A follow-up question by my other son within earshot was, naturally, "What's a project?"
OK, another fair question.
I explained to my sons that a project is, simply, a temporary and unique set of tasks that have a definite beginning and end -- a specific example being a book report.
Identifying the Constraints
The good news about project management is that, for teachers and students, it's already an intrinsic part of your everyday charter: planning a curriculum, organizing field trips, completing homework -- all of these basic tasks can be put under the umbrella of a project. Therefore, they are something that can be managed, and given the right tools and techniques, managed well.
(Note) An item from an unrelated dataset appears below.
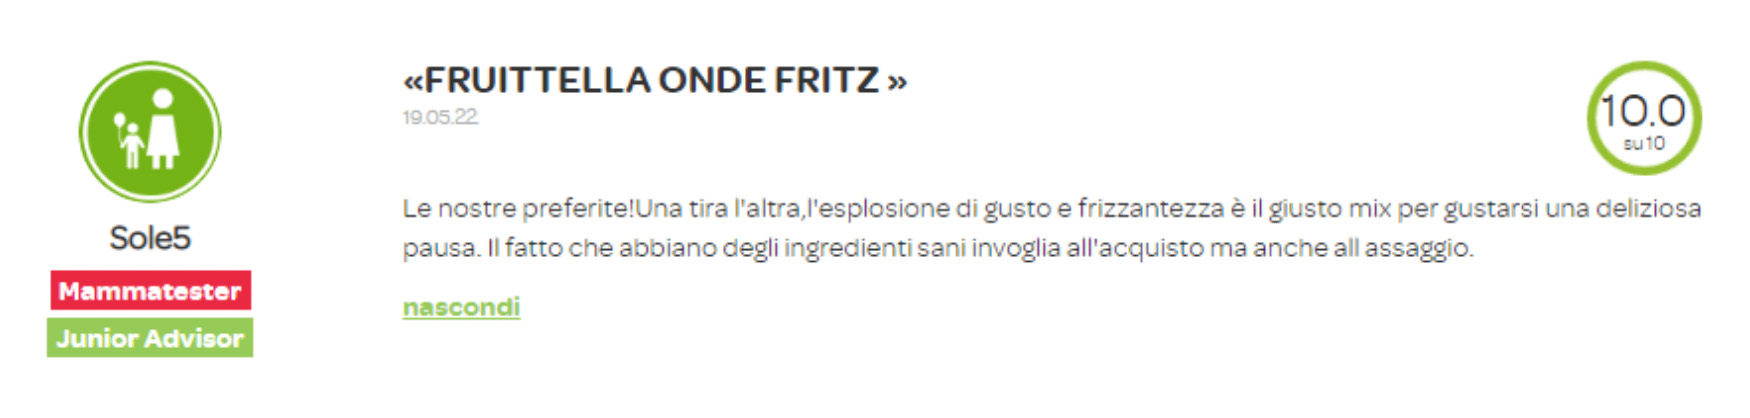 fruittella-onde-frizz-03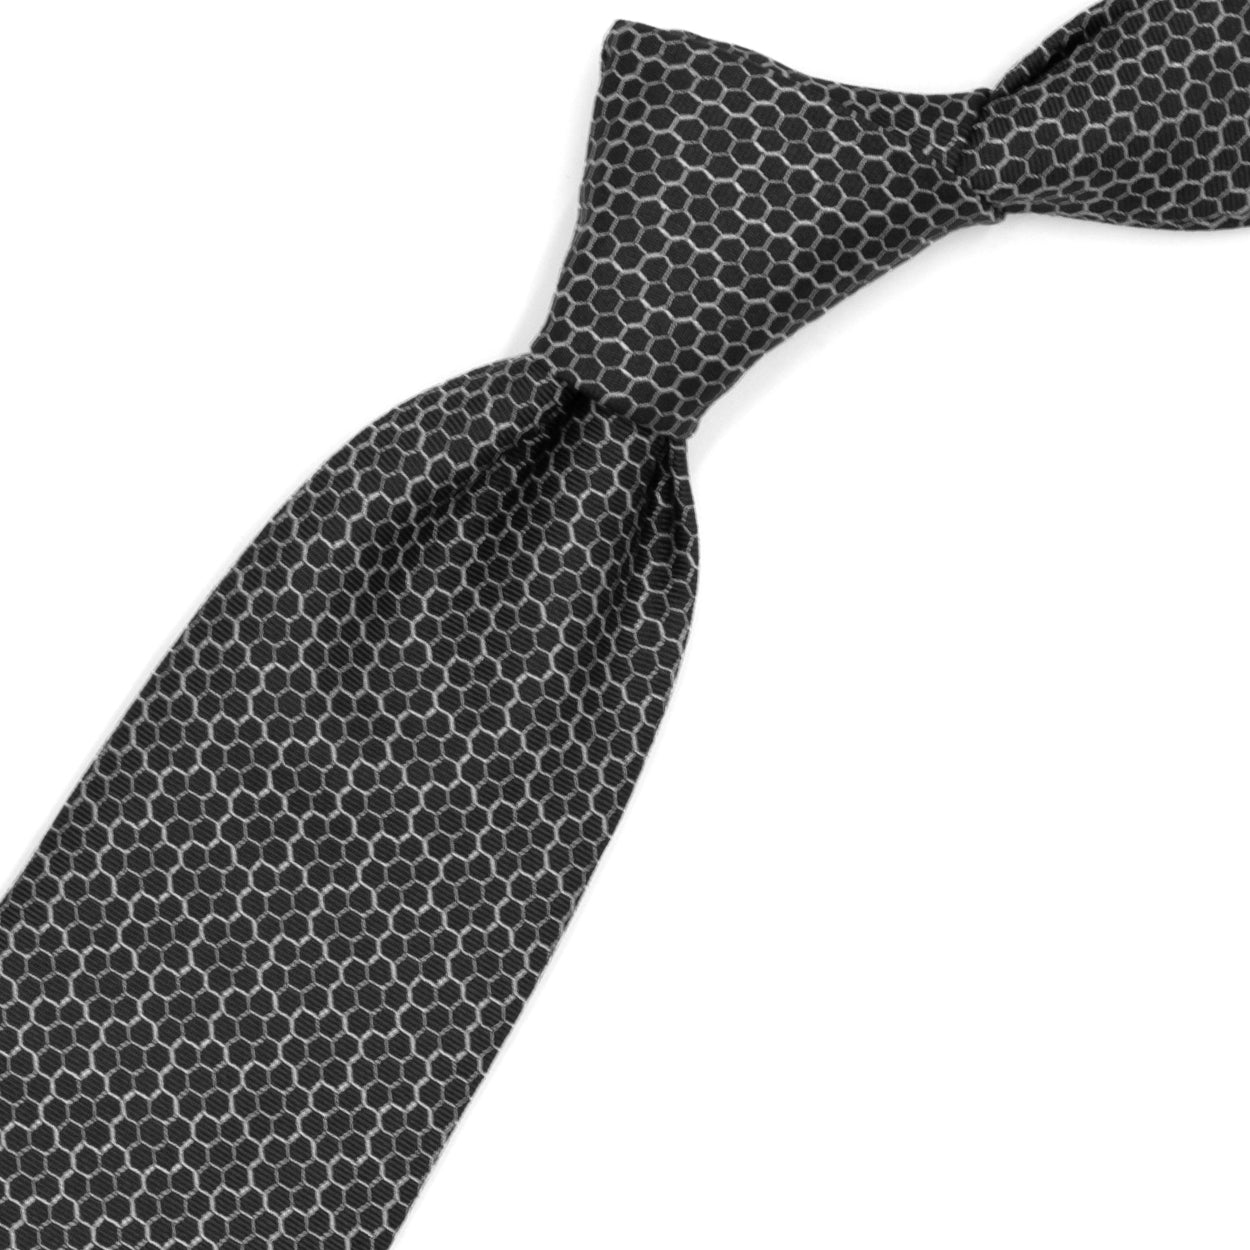 Gray tie with light gray circles

There are six basic what we call "constraints" that need to be managed closely with a project, and they are scope, schedule, resources, budget, quality and risk. (I have incorporated these in the below example.) If you can keep all of these constraints in balance, then you will have a well-managed -- and therefore successful -- project.
So, now that we’ve covered some rudimentary project management definitions, how can you take these principles and apply them to your everyday life, and your students' as well?
Let's start by taking a specific real-world example, which I will walk you through step by step.
Sample Project: Student Book Report
1. Define the Project's Scope
This is the "what's involved?" in a project. In this example, it may be a book report on Martin Luther King, Jr. Additional requirements should be defined, such as length, delivery format, type of report, citation requirements, etc.
2. Establish a Schedule
This would be the timeframe of the project. When will you assign the report, when should the students start the report, and when should they have it completed? The students could also include interim dates for a first rough draft and a final draft.
3. Assign Your Resources
These are simply the people involved in the project. In this case, the resources would be teachers, students and maybe even parents if they are involved in the review process.
4. Budget (Assess Cost)
This details what would be involved in terms of assets the students (or you) may need to acquire. Will the student need to purchase reference books? Book report covers? Additional supplies?
5. Rate Quality
While this constraint is a bit more subjective, quality would consist not only of what you determine to be the standards by which you grade the report, but also a checklist that the student can generate to ensure he or she will turn in a high-quality report, such as:
- Do I have a topic sentence?
- Did I check for spelling and grammar?
- Is my report the proper length?
- Is my report neat and easy to read?
6. Determine Risk
What are the risk factors for this project? For a student, it can be anything from competing priorities in getting the book report done, to a possible tendency to procrastinate. Risks are any "future" potential problem that may interfere with getting the book report project done on time, done on schedule and done well -- the basic triad of concerns for every project manager!
It is important to note that project management is also key to ensuring success with project-based learning initiatives in your classroom. By leveraging project management's core standards and principles, you can dramatically increase the success of your initiatives, no matter what stage or phase they may currently be in.
The book report is just one example of a project. How do you apply project management skills in your classroom?